По мнению Р. Г. Скрынникова, перед началом церемонии крестоцелования наследнику «боярин князь И. М. Шуйский с полным основанием протестовал против нарушения традиций, принесения присяги в отсутствие царя… Протест старшего из бояр носил формальный характер и вовсе не означал отказа от присяги по существу. Причиной недовольства Шуйского и других старейших бояр было то обстоятельство, что руководить церемонией присяги было поручено не им, а молодым боярам князьям И. Ф. Мстиславскому и В. И. Воротынскому»{623}. В книге «Царство террора» Р. П. Скрынников рисовал похожую картину{624}. Однако в других изданиях, посвященных, например, Ивану Грозному как деятелю русской истории, встречаются противоречивые и даже взаимоисключающие суждения. В одном случае Р. Г. Скрынников пишет: «Перед началом церемонии (присяги Дмитрию. — И.Ф.) боярин князь Иван Шуйский заявил, что крест следует целовать в присутствии царя, но его протест вовсе не означал отказа от присяги по существу. Причиной недовольства старейшего боярина было то, что руководить церемонией поручили не ему, а молодому боярину Воротынскому»{625}. В новом варианте книги об Иване Грозном автор говорит: «Торжественное начало (церемонии присяги царевичу. — И.Ф.) омрачилось тем, что старший боярин отказался от присяги… Протест Шуйского носил формальный характер. Руководить присягой мог либо сам царь, либо старшие бояре. Вместо этого церемония была поручена Воротынскому»{626}. В результате получается какая-то запутанная комбинация: Иван Шуйский то отказывается от присяги, то протестует, а если отказывается, то по формальным соображениям, а не по существу. Что означает все это, приходится лишь догадываться.
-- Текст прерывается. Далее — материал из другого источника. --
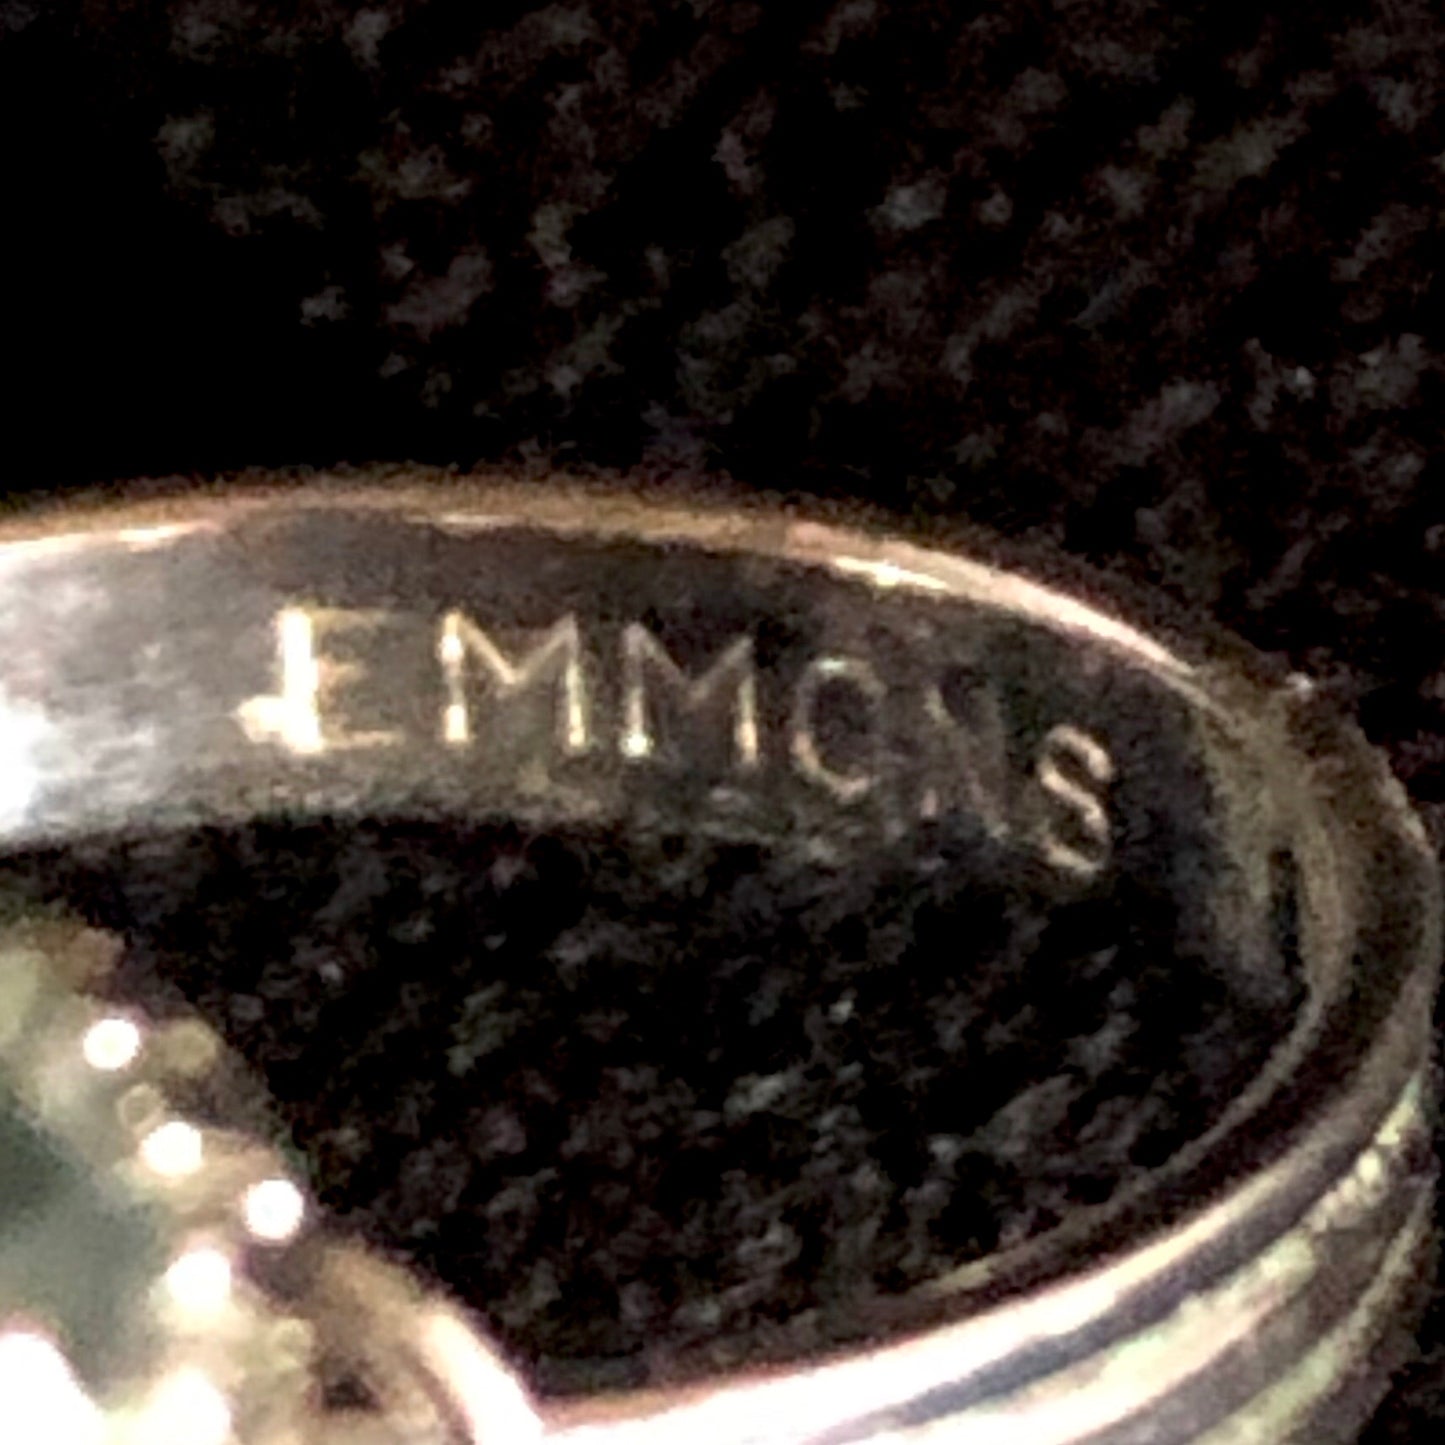 1974 Emmons Crystal Lights Ring - Retro Kandy Vintage

Согласно И. Грале, поведение И. М. Шуйского не имело крамольного смысла. «Кульминация кризиса, — говорит он, — наступила 12 марта, когда царь потребовал присяги от всех членов Боярской думы. По его поручению присягу принимали члены Ближней думы во главе с князьями Мстиславским и Воротынским. Этому воспротивился предводитель Думы князь Иван Михайлович Шуйский, заявивший, что крест следует целовать только в присутствии царя»{627}. Далее И. Граля замечает: «Нежелание князя Ивана Михайловича Шуйского принимать присягу в отсутствие царя обычно трактовалось как отказ от декларации верности царевичу, прикрытый надуманной причиной, а также как проявление отрицательного отношения к наследнику представителей знатных княжеских родов, особенно могущественного рода ростово-суздальских князей»{628}. И. Граля думает иначе: «Но есть основания для того, чтобы трактовать слова Шуйского дословно — как проявление ущемленной гордости Рюриковича и представителя Думы, поскольку представлять царя было поручено не ему, а Мстиславскому и Воротынскому, людям менее знатного происхождения, что он расценивал как покушение на положение своего рода. Слова Шуйского не совпадают с высказываниями противников наследника, приведенными в записи, а в его дальнейшей карьере нет и малейшего следа царской немилости»{629}. Здесь И. Граля близок к точке зрения Р. Г. Скрынникова.

В том же духе рассуждает А. Л. Хорошкевич. По ее словам, заявление И. М. Шуйского «было следствием ущемленной гордости Рюриковича и представителя Думы, которому не поручили ответственное и почетное дело (так полагает И. Граля{630}), поставив тем самым даже ниже думных дворян (Адашева и Вешнякова), присягавших непосредственно самому царю»{631}.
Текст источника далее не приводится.